In this imaginary scenario, the user also needs to Forward the messages (our temperatures plus some metadata) to a pool of clients (consumers) that will process them. There are multiple Backend choices available to accomplish this task: httpproxy, pubsub, redisPubsub and fifo.

The user then uses the Newque high level library (driver) for the language of their choice. By not having to write all the code to route data to between these services themselves, the user can focus on what really matters: the business logic.

Getting Started

To set up and run Newque:

Download the latest release from https://github.com/newque/newque/releases/latest and unzip it
Edit the configuration files in conf/ to your needs (see JSON Configuration)
Run ./newque

Integrations

ElasticSearch
ZMQ
Redis
AWS Lambda (coming soon)
AMQP (coming RabbitMQ and other systems implementing this protocol
AWS Lambda integration, to pass messages to Lambdas. Lambdas can then pass them to other AWS services such as SES, SQS, S3, etc

Directory structure

newque/
├── conf/
│   ├── channels/
│   │   └── mychannel.json
│   ├── jsonschemas/
│   │   └── myschema.json
│   ├── scripts/
│   │   └── myscript.lua
│   └── newque.json
├── data/
│   ├── channels/
│   │   └── mychannel.data
├── logs/
│   ├── out.log
│   └── err.log
├── lib/
│   └── (dependencies, do not edit)
└── newque

Directories

conf/ contains the newque.json file and folders for the channel settings and scripts.
data/ is created when starting Newque and contains data generated during operation. Do not modify.
logs/ is created when starting Newque and contains the output and error logs.
lib/ contains the libraries needed to run Newque, it must be located in the same folder as the newque executable. Do not modify.

Concepts

Main operations

Writing to a Channel's Backend
Reading from a Channel's Backend
Streaming from a Channel's Backend
Counting the number of messages in a Channel's Backend
Deleting all data from a Channel's Backend
Checking the Health of a Channel's Backend
Checking the Health of the whole system

Backend options

memory: Use the local RAM to store messages.
disk: Use the local disk to store messages.
httpproxy: Proxy messages to a remote HTTP or even another Newque server.
elasticsearch: Write to ES. Messages must be valid JSON, for obvious reasons.
pubsub: Broadcast to a ZMQ pubsub address. Publisher-Subscriber. (1-to-many, no ack)
fifo: Send to a ZMQ FIFO address. Producer-Consumer. (1-to-1, with ack)
redis: Use Redis to store messages.
redisPubsub: Identical to pubsub, but using Redis' pubsub.
none: Does nothing besides Forwarding to other Channels, if applicable
...more coming soon (AMQP, AWS Lambda, and RabbitMQ and other systems implementing this protocol
AWS Lambda integration, to pass messages to Lambdas. Lambdas can then pass them to other AWS services such as SES, SQS, S3, etc

IDs

Each message has a unique ID and Newque will generate IDs when they are not provided by the client. If a message with the same ID already exists in the Backend it won't be written, therefore it is possible to retry messages when network errors occur. Obviously in the case of the httpproxy, pubsub and fifo Backends, it is up to the upstream server to implement this behavior if they wish to.

Atomics

When Writing a batch of messages, they can be flagged as atomic. They will be treated as one. They'll have a combined size of 1, and all be written and read at once.

Raw

A Channel can enable the option raw. Atomics don't exist in this mode. Performance is marginally better for all non-atomic messages. Messages are passed as-is to the Backend, which can be useful if your fifo, pubsub or httpproxy remote servers need to be able to make sense of those messages. The ElasticSearch backend requires this option to be enabled.

JSON Schema Validation

It's possible to offload all of your JSON validation to Newque. Each channel can specify one JSON Schema. Every message on that channel must successfully validate with the schema before it is sent to the channel's backend. If many messages are sent in the same call, any failure will cause the whole call to be rejected with an error.
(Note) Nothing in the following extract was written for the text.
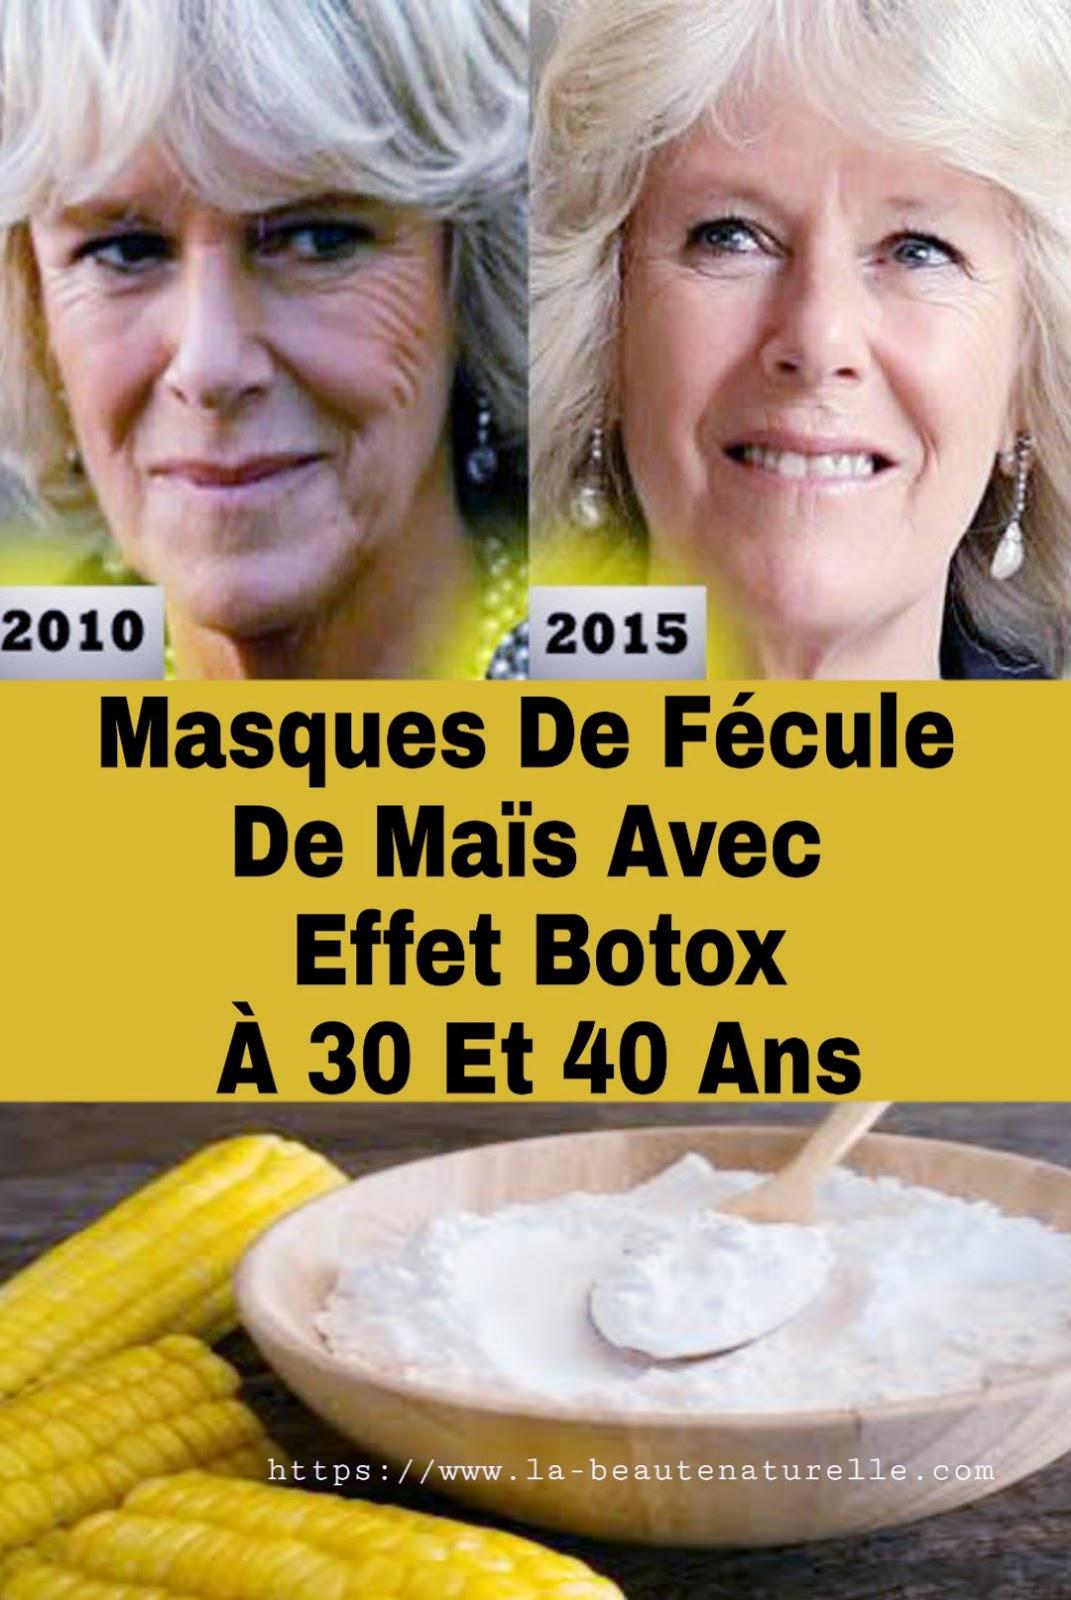 Masques De Fécule De Maïs Avec Effet Botox À 30 Et 40 Ans

By default, JSON Schema validations happen in the main thread to avoid excessive context switching, but calls with 10 or more messages will be validated in a background thread. This value (10) is configurable. See the JSON Schema Validation object format.
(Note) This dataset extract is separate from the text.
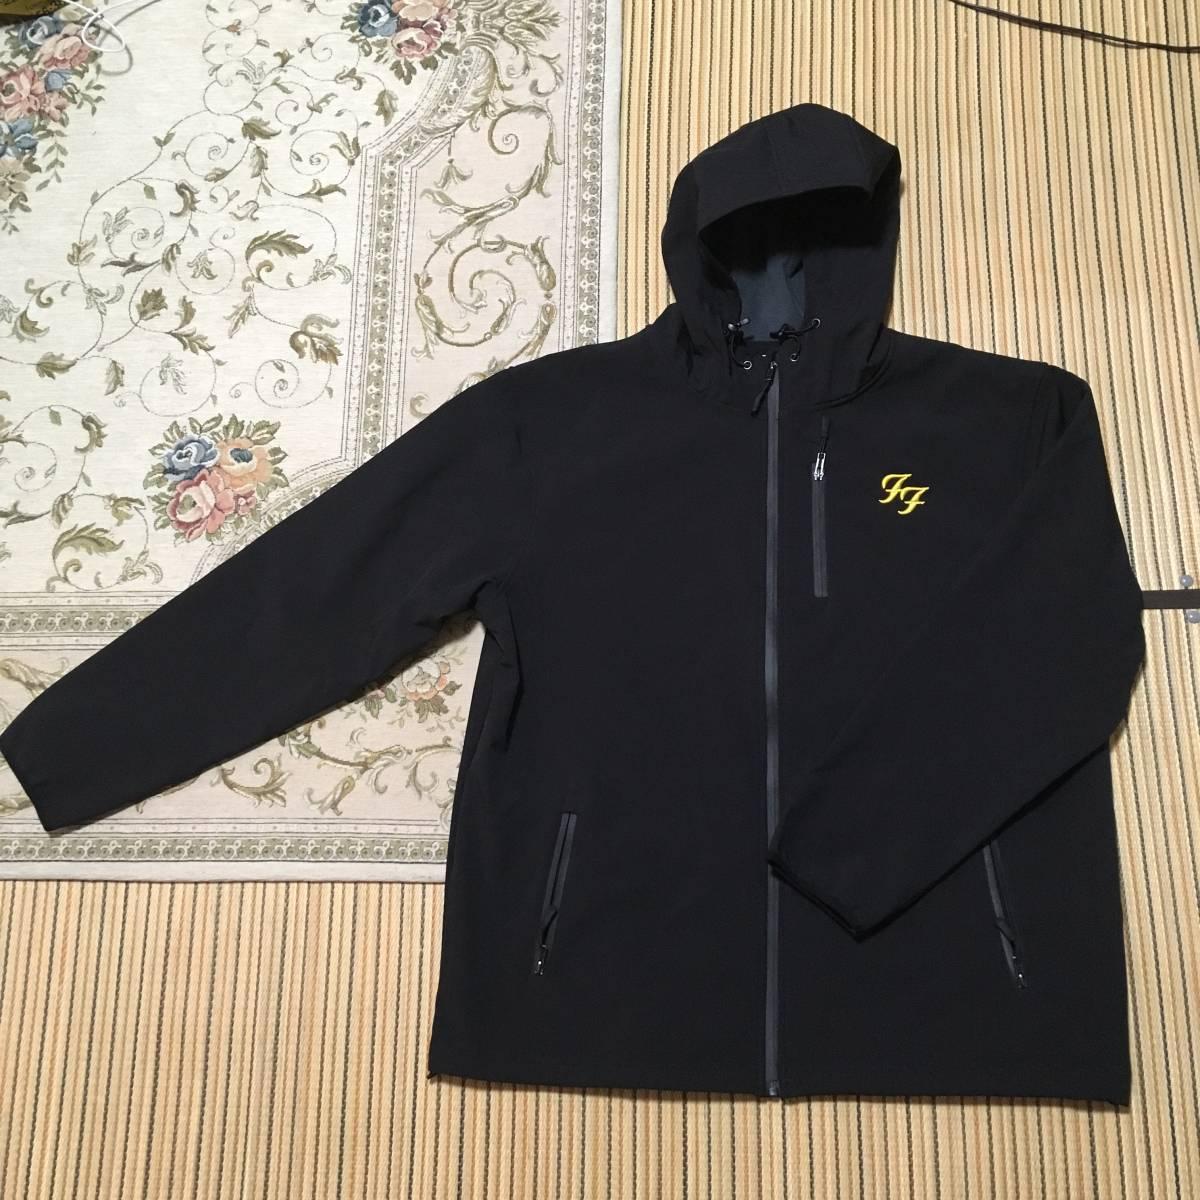 新品 FOO FIGHTERS The Soft Shell Embroidered Jacket XL 実質XXL 1円スタート the north face patagonia ユニクロ nirvana フーファイ

Validation is done using the unbelievably fast RapidJson library.

Note: JSON Schema files are checked on startup to ensure that they don't themselves contain errors. Newque won't start if any JSON Schema contains errors.

Lua Scripting

Newque offers Lua scripting. Scripts are invoked during Write operations, after JSON Schema Validation, but before Batching. A channel can have more than 1 script. They are invoked in order: the original messages are passed to the first script, then the output is passed to the second script, and so on. The output of the final script is then passed to the Batcher (if applicable) or to the channel's backend.

Scripts are simple Lua files that must return a function that takes 2 arrays of strings and returns 2 arrays of strings. Here is an example of a script that upper cases every message. The number of messages and the number of IDs must always match, but it is possible to insert or drop messages and IDs.
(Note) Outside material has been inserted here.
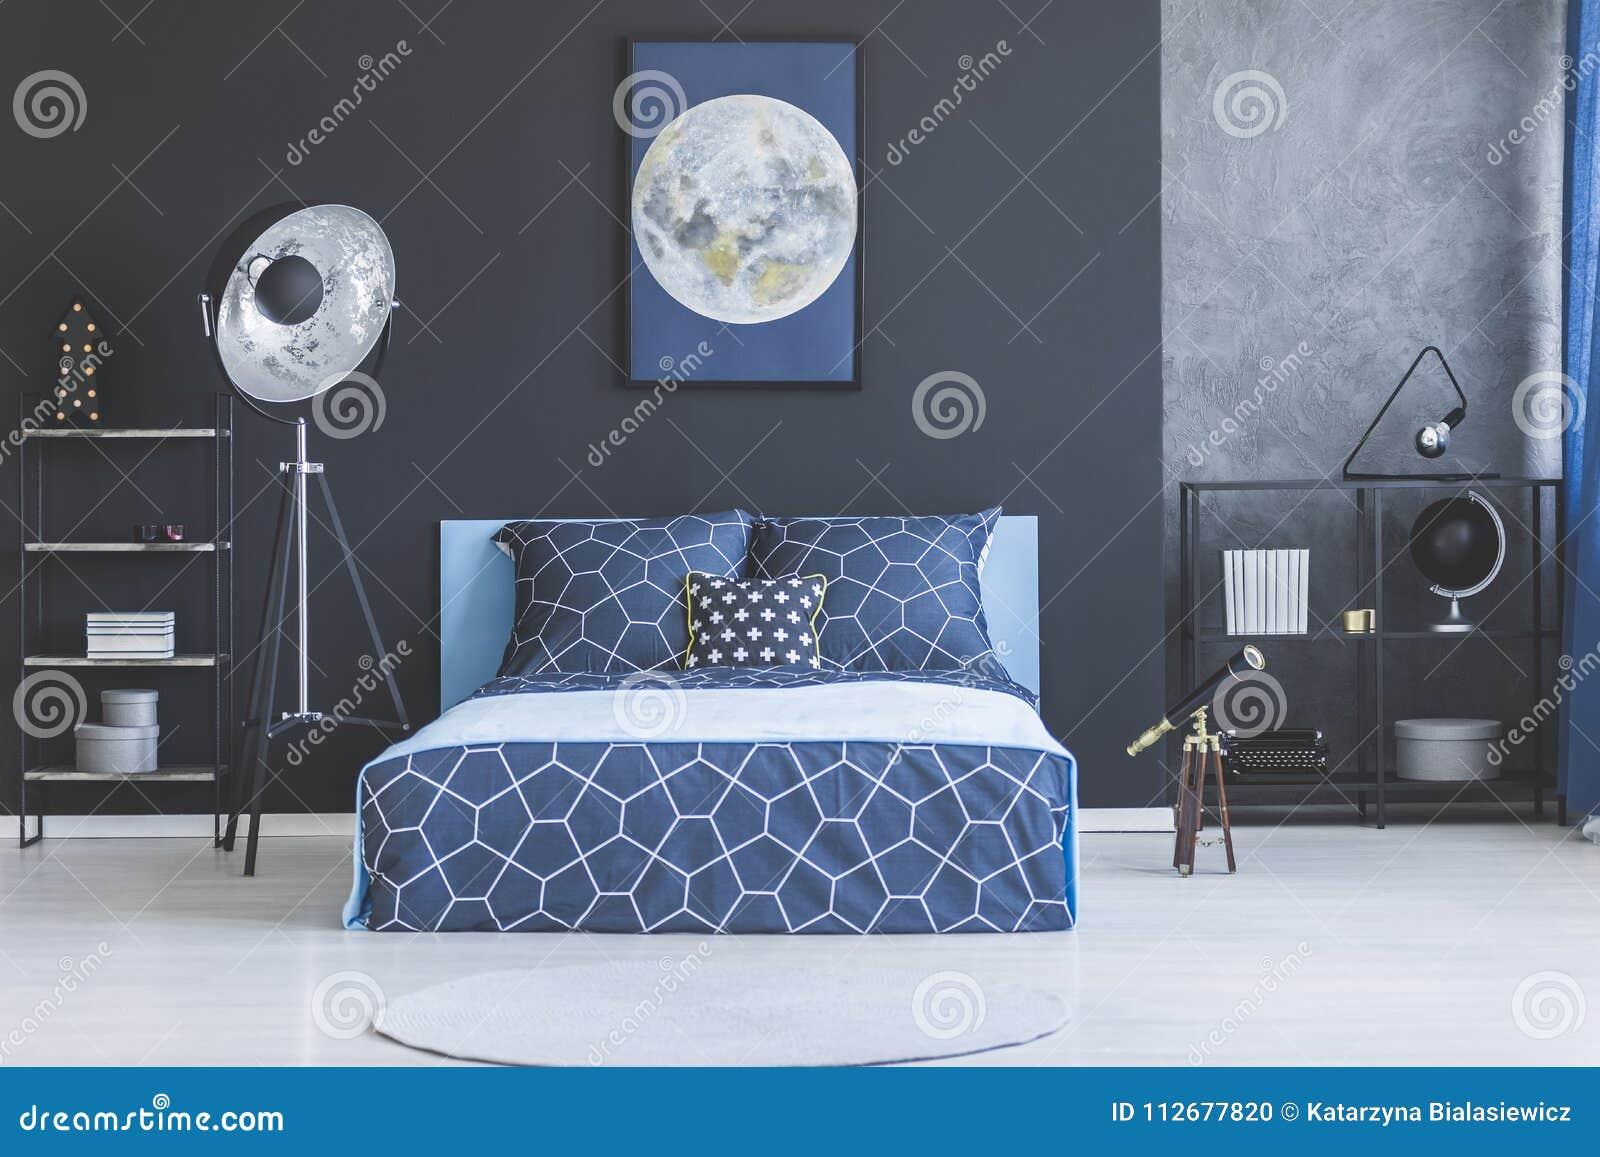 Camere Da Letto Blu : Camera da letto blu notte alla parete bei piatti in ceramica

Each channel has its own Lua sandbox. A Lua global variable created in a script is accessible in other scripts in the same channel and in subsequent invokations. This is on purpose, as it makes it possible for the user to cache values or even keep (e.g.) database connections open! However, it means that only one script per channel can be executing at any time. This restriction also ensures that the ordering of messages isn't altered due to one script invokation taking a longer time than the next one. In other words, the synchronization lock on each channel's Lua sandbox prevents race conditions.

The Lua sandboxes do not run in the main thread. It's safe to execute blocking operations, such as I/O (HTTP calls, reading files, etc.) or heavy CPU-bound processing.

Calling (e.g.) error({location = "File myscript.lua, line 36", message = "Invalid blah"}) will return a formatted error message to the user. This is helpful when Lua scripts are used for custom validation on messages.

Calling error() with any value other than an object having the keys location and message will be considered an "unexpected error". Strings or Numbers passed to error() will be logged in the Newque logs and a generic error message will be returned to the user.

From a script, it's possible to require() other Lua scripts located in the conf/scripts/ directory.

Note: Lua scripts are compiled on startup and Newque won't start if any Lua script contains syntax errors.

Batching

Batching is an easy way to improve your application's performance. When batching is enabled on a channel, all incoming messages are added to a queue instead of being immediately sent to the channel's backend.

Batches are flushed to the backend as soon as either one of 2 conditions are met:

the batch size reaches maxSize
the batch has not been flushed in the last maxTime milliseconds

Note: Setting maxSize to 1 will split all incoming messages into their own batch. For example, a user sending 3 messages in one call will create 3 batches.

Logging

Verbosity is configurable using the logLevel settings in newque.json.

There are six levels, from the most to the least verbose, they are: debug, info, notice, warning, error and fatal.

The recommended level for production usage is info.

Levels debug, info and notice are written to STDOUT and ./logs/out.log.

Levels warning, error and fatal are written to STDERR and ./logs/err.log.

Note: If the NEWQUE_ENV environment variable is set, it'll be used in the log format.

Environments

Newque can be started in either development or production mode. Each Listener can locally override this setting.

Production mode is recommended for public facing servers/listeners. In this mode, many error messages are replaced with a generic An error occured, please consult the logs for details. message. This avoids exposing possibly sensitive information through error messages.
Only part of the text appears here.